Parenting teenagers has its ups and downs. Get advice from Mumsnetters here.

Please come and talk to me, 13 year old dd

107 replies

abyssiniam8 · 03/08/2015 07:32

Just so that I don't dripfeed, dd just turned 13 two weeks ago. Lovely child, never a days problem with her. She does well at school, is popular, sporty etc. Since her birthday, she has changed quite a bit.

Little things really, but noticeable. Last week she wanted a Macdonalds burger after school. I said no as I didn't have time to go there, and really we don't eat Macdonalds all that often, so I was quite unusual for her to ask for one. The meltdown that took place when I said no was just ridiculous. It was not because she was starving hungry as when we got home (straight from school so she didn't even have to wait more than 10 minutes for something to eat) as I made her a sandwich and she didn't eat it.

She has also recently met with some kids from the area and they hang out at weekends. One of these is a boy who is 16. I think that he quite fancies her. He seems a nice kid, he has been to our house before as we do know his parents (not well, but to say hello and have a chat etc).

She is a fantastic dancer and for the next few weeks is dancing in competitions which she has worked hard for. She loves to dance and it is her thing, its not something I have pushed her to do, its is by choice.

So yesterday as practise I videoed her so that she can see and work on anything, quite a normal thing for us to do.

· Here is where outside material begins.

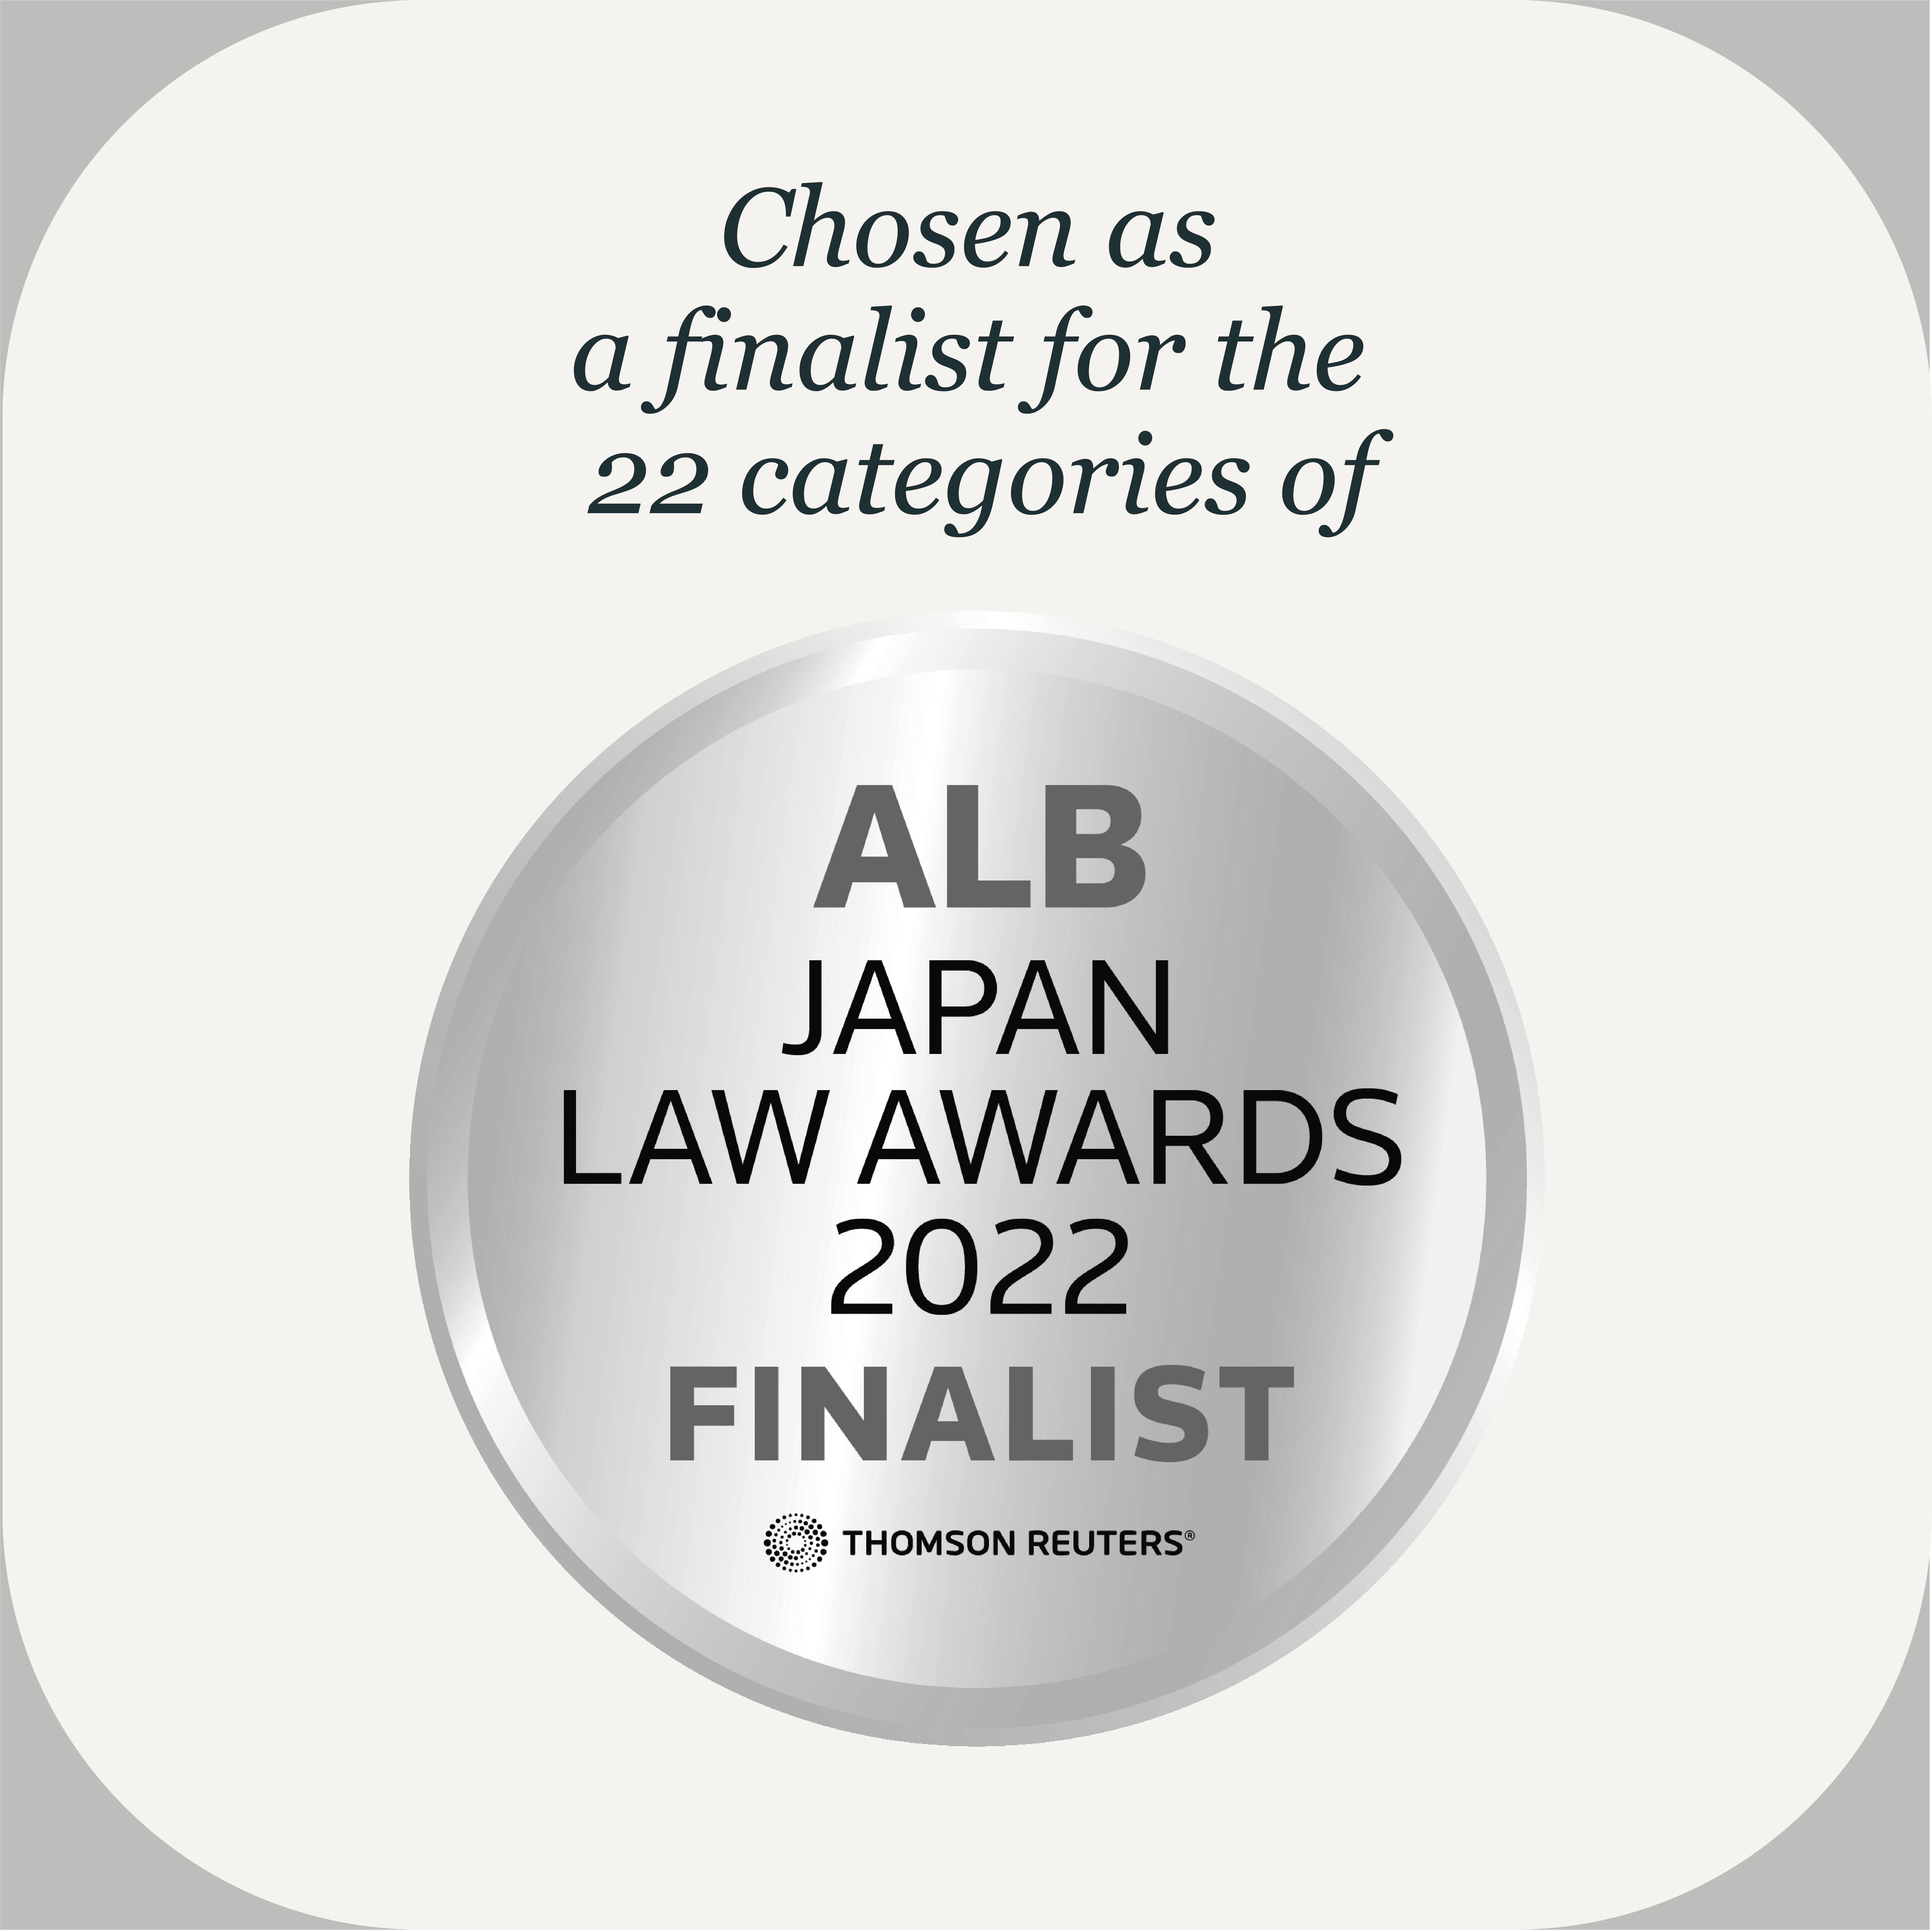 Atsumi & Sakai has been chosen as a finalist for the 22 categories of Asian Legal Business (ALB) Japan Law Awards 2022

THis morning I got her phone to transfer the videos onto my computer so that she can see it on the bigger screen later today, this also is quite a normal thing for us to do. So imagine my shock this morning, when I go into her videos and last night at 11pm she and this boy have been sharing videos of themselves..... naked, him wanking and her lying in bed naked and touching herself.

I can honestly tell you that I am floored! I am so upset. I know some will say she is 13 and exploring herself etc etc, and its normal. But this isn't normal for her. She hasn't really had any interests in boyfriends until this. I then went on to read the whatsapp messages, and the things he is saying to her are just unbelievable. She is just a young girl, and its like he is grooming her. You are so beautiful, i love your eyes, your hair, you make me horny, show me your breasts etc etc. I am sitting here crying, I am just so incredibly upset right now.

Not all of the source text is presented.